Michael Pedroni, executive vice president of the Managed Funds Association, which represents hedge funds, said in a statement that “a growing body of evidence” showed that “hedge funds could continue to provide some liquidity even when banks went bankrupt. they withdrew by providing financing “and that the funds were not a systemic risk.
While few had predicted the pandemic, many experts had long warned that the financial system was vulnerable.
Long before the crisis this spring, the Financial Stability Oversight Board, established by Dodd-Frank, had repeatedly identified hedge fund leverage as a risk. Under the Obama administration, he formed a hedge fund task force to consider the potential risks of many hedge funds employing similar trading strategies.
On November 16, 2016, the task force warned that hedge funds could be a source of instability during turbulent times.
“Forced sales of hedge funds could cause a sharp change in asset prices, leading to further sales, substantial losses or financing problems for other companies with similar interests,” Jonah Crane, deputy secretary to the group, told the group. attached to the council at that time. “This could significantly disrupt trade or financing in key markets.”
The task force recommended that regulators collect more information on hedge funds, including their operations, the type of granular data missing from fund managers filing with the Securities and Exchange Commission, known as the PF Form.
“Our recommendation was to arrange the PF Form so that we could obtain the underlying data,” said Mr. Crane, now a partner at consulting firm Klaros Group, in an interview. “These strategies we thought we saw looked a lot like long-term capital management strategies and suggested to us that at least one should know who was exposed to them.”
SEC President at the time, Mary Jo White, agreed with the recommendation.
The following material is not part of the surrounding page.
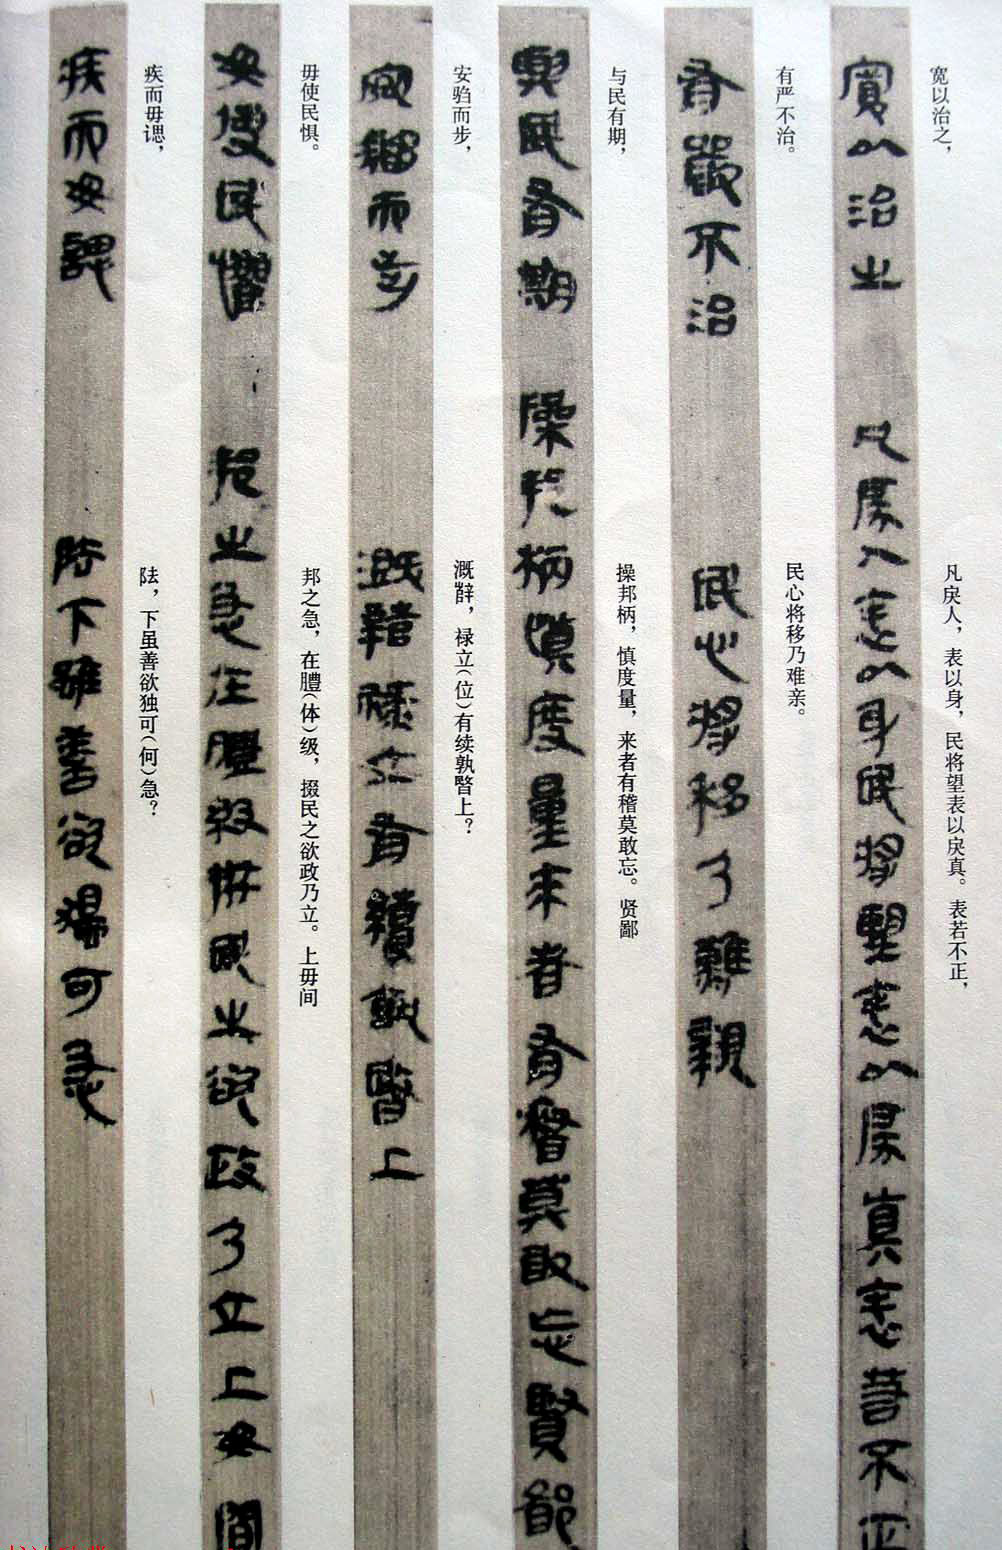 秦古隶《云梦睡虎地秦墓竹简》,两千多年前的文字墨迹

But with the arrival of a new administration, there was little chance of addressing the problem in the last few weeks of the Obama administration.
In early 2017, Mr. Mnuchin, a former hedge fund manager, took over the Financial Stability Oversight Board and the hedge fund working group was deactivated.
Richard Cordray, who was on the board as head of the Office of Consumer Financial Protection from 2012 to November 2017, said that once Mr. Mnuchin took office, the discussion turned into relaxed supervision.
“It was clear from the beginning that I wanted to move FSOC in a different direction, that it was a deregulatory direction,” Cordray said.
A Treasury spokeswoman said the council “continues to monitor hedge funds as it monitors all sectors of the financial system.”
Relative value funds were not the only financial vulnerability exposed in March. The money market mutual funds, bailed out in 2008, required another bailout. Corporate bonds faced a wave of foreseeable downgrades. That market stagnated, prompting the Fed to make its first effort to buy debt from large companies.
Risks in lightly regulated financial companies “were not only predictable, but well documented,” Lael Brainard, the Fed’s governor, said at a University of Michigan and Brookings Institution conference in late June. “Now we have seen not once, but twice in just 11 years” risks that were deemed highly unlikely to threaten the economy.
Ms. Yellen and other policymakers said Congress may need to hold regulators accountable not only for individual institutions but also for the overall security of the financial system. Only the Federal Reserve has a mandate for financial stability, and it applies only to banks.
“There was a failure at Dodd-Frank,” said Ms. Yellen. “Dodd-Frank gave FSOC the responsibility to deal with threats of financial stability,” but did not pass it on with the power to do much more than cajole other regulators. “For FSOC to be meaningful, it must have its own power.”